Postgresql – Optimizing PostgreSQL for transient data

database-tuningoptimizationpostgresql

I have several tables with 100-300 columns of integer types each, that hold highly volatile data. The datasets are keyed by one or two primary keys, and when refresh occurs, the whole dataset is deleted and new data is inserted in one transaction. Dataset size is usually a few hundred rows, but can be up to several thousand rows in extreme cases. Refresh occurs once per second, and dataset updates for different keys are usually disjointed, so dropping and recreating the table is not feasible.

How do I tune Postgres to handle such load? I can use the latest and greatest version if that makes any difference.

Best Answer

Depending on how many different data sets there are, one option would be to partition the tables per-dataset.
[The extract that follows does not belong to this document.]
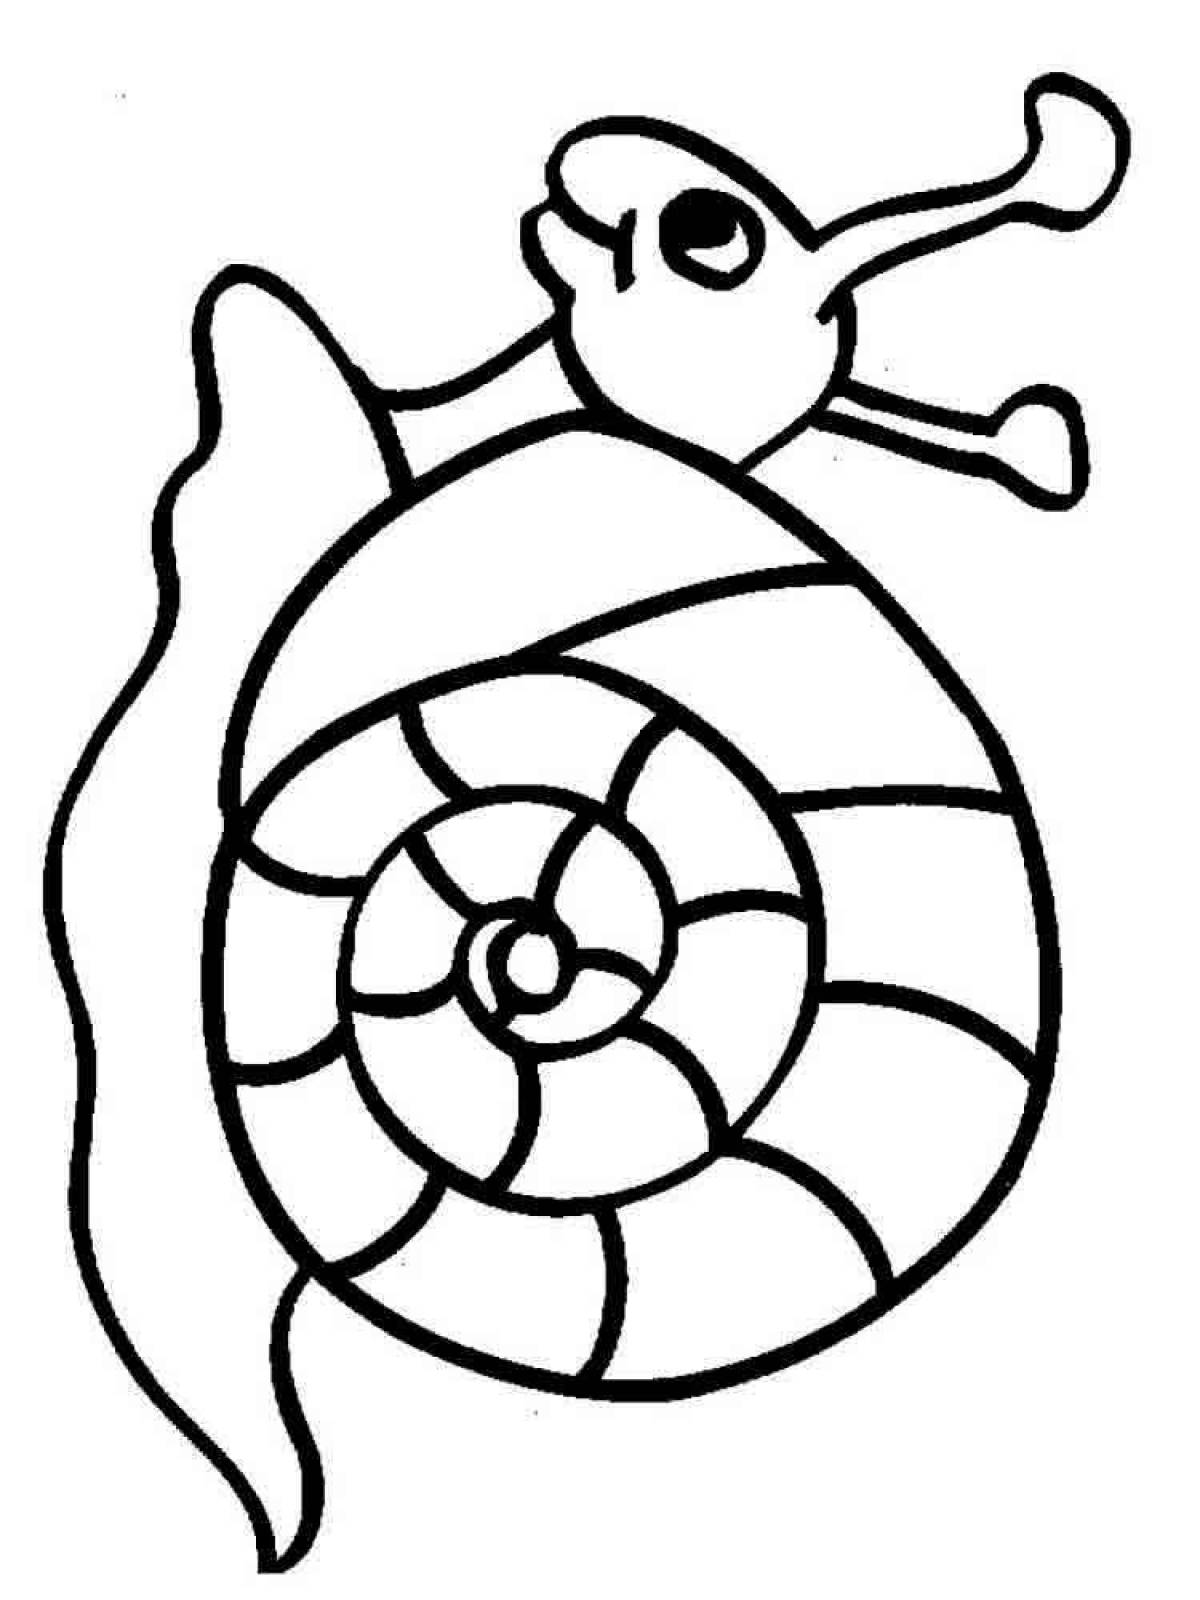 Fancy snail coloring for kids

When a dataset is updated, BEGIN a new transaction, TRUNCATE the table, COPY the new data into it, and COMMIT. PostgreSQL has an optimisation where COPYing into a table that's been TRUNCATEd in the same transaction does much less I/O if you're using wal_level = minimal (the default).

If you cannot partition and truncate (say, if you're dealing with tens or hundreds of thousands of data sets, where there'd just be too many tables) you'll instead want to crank autovacuum up to run as much as it can, make sure you have good indexes on anything you delete based on, and be prepared for somewhat ordinary performance.

If you don't need crash safety - you don't mind your tables being empty after a system crash - you can also create your tables as UNLOGGED, which will save you a huge amount of I/O cost.

If you don't mind having to restore the whole setup from a backup after a system crash you can go a step further and also setfsync=off, which basically says to PostgreSQL "don't bother with crash safety, I have good backups and I don't care if my data is permanently and totally unrecoverable after a crash, and I'm happy to re-initdb before I can use my database again".

I wrote some more about this in a similar thread on Stack Overflow about optimising PostgreSQL for fast testing; that mentions host OS tuning, separating WAL onto a different disk if you're not using unlogged tables, checkpointer adjustments, etc.

There's also some info in the Pg docs for fast data loading and non-durable settings.